The Third Engineer was a big fellow, and I couldn’t fight him barehanded, so I raised the tureen, ready to bring it down on his head.

“I’ll report you to the Captain, you black—!”

“Go ahead, you — — and double—!” I said, raising the soup tureen. He went. The Africans finished their meal in peace.

That afternoon I visited the Chief Steward, a grave little Filipino, and told him I would not wait on the Third Engineer any more. No, sir, under no circumstances! But the steward, who had plenty of troubles on his mind, such as an impending meat shortage and sailors who threw whole containers of food into the sea when they didn’t like it, and missionaries who complained that the cooking wasn’t what they had been used to at home in Iowa, and a German Captain who wanted nothing but sauerkraut—the steward said, forlornly: “Mess boy, in this my life things is not always easible. Sometimes hard like hell! I wish you please help me out and feed the Third.”

So, because I liked the steward, I continued to serve the Third Engineer for the rest of the trip, and he continued to come as late as he could for meals when we were in port and he knew that there were Negroes to follow him in the mess hall. But he kept quiet and never referred to the day of the soup tureen.

It was in Lagos, one afternoon, that there was a pitched battle between the crew of our ship and the crew of a British freighter tied up opposite us. It began with one of our sailors, Chicago Slim, who was drunk, being pushed off the dock into the river by a limey, as the British seamen are called.

“Let’s go get those limeys,” somebody yelled, as Slim was fished out of the inlet, smelling of whiskey and of mud. So we went after the limeys.

The main thing I remember is that crew-solidarity outweighed race that day, because there were on the British ship quite a few Negroes—West Indian Negroes, and on our ship, George and I and the two Puerto Ricans were definitely colored. But when the white boys on our boat yelled: “Get them limeys! Get them niggers!” and we met the British crew on the dock head on, George and the Puerto Ricans and I yelled, too: “Get them niggers! Get them limeys!” And after them we went.
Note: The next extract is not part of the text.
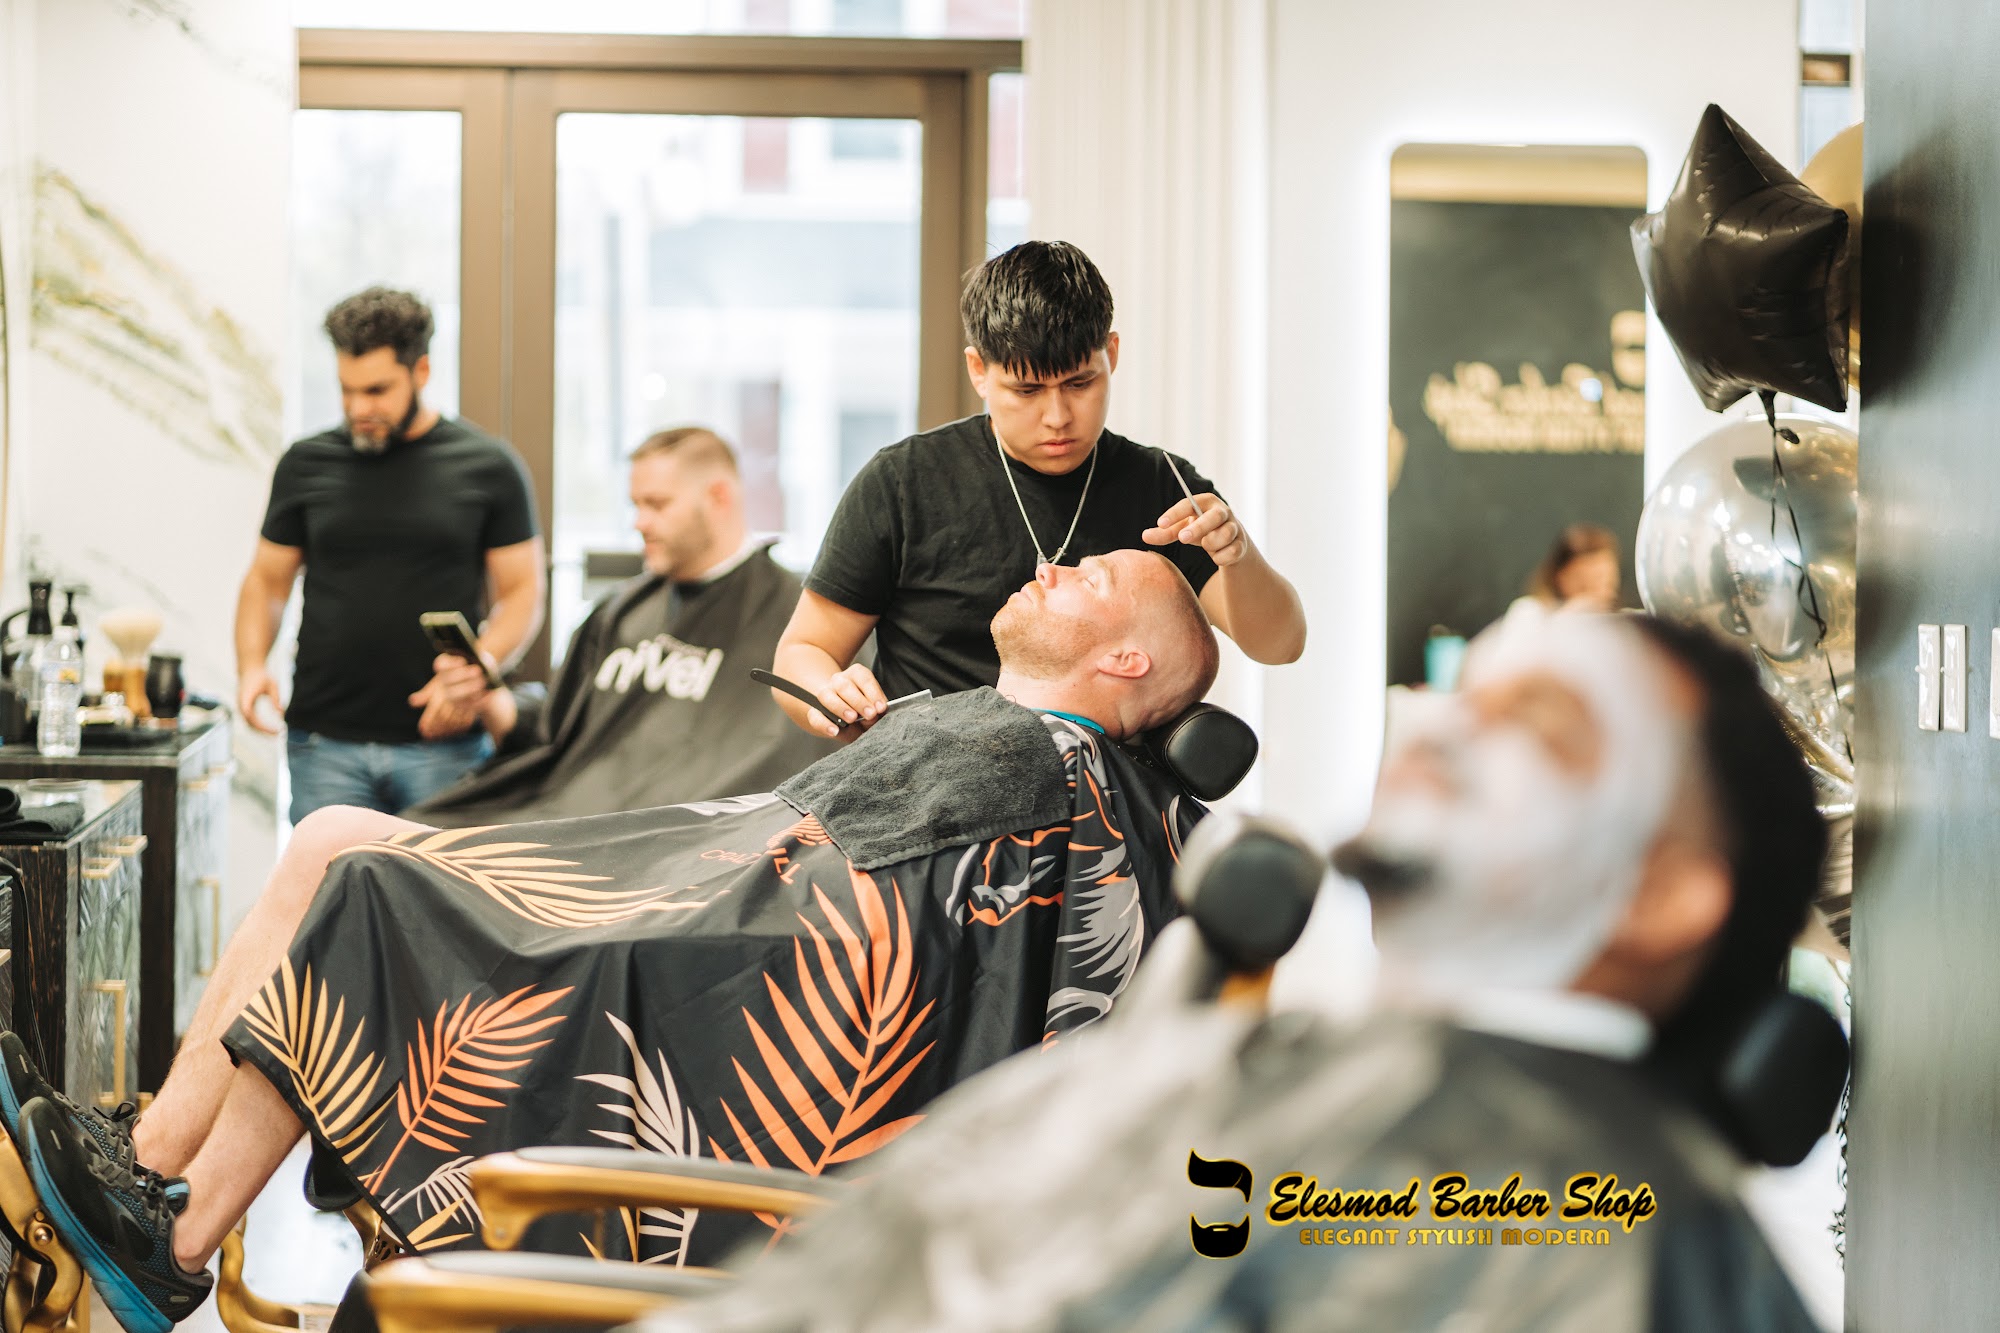 Elesmod Barber Shop

In the heat of the fight, we forgot we didn’t like the word nigger applied to ourselves.

“Get them Yankees! Get them bloody bastards!” yelled the Britishers. And everybody had a grand time, until somebody opened up a salt-water hose on the fray with such force that the stream knocked us all sprawling, scattering Yankees of every color, West Indians and Britishers right and left, drenched to the skin, some with the breath knocked out of them.

A couple of weeks later, I got soaking-wet again, when I fell in the Congo, trying to climb down a mooring rope at Boma. Since I couldn’t swim, I got out, without being drowned, by paddling dog-fashion.

Late in August, from the blue harbor of Loanda, we turned our prow north and started up the coast again. Somewhere we picked up a stowaway, a Panamanian Indian who had lost his ship and couldn’t prove his nationality. At another port we took on a sick seaman, an American Portuguese from Cape Cod, whom the Consul was sending home. Various missionaries came aboard, too, Massachusetts bound. And when we got to the town where we had left the Brooklyn kid, they brought him aboard from the hospital, looking very sick, with his skin all yellow and dry.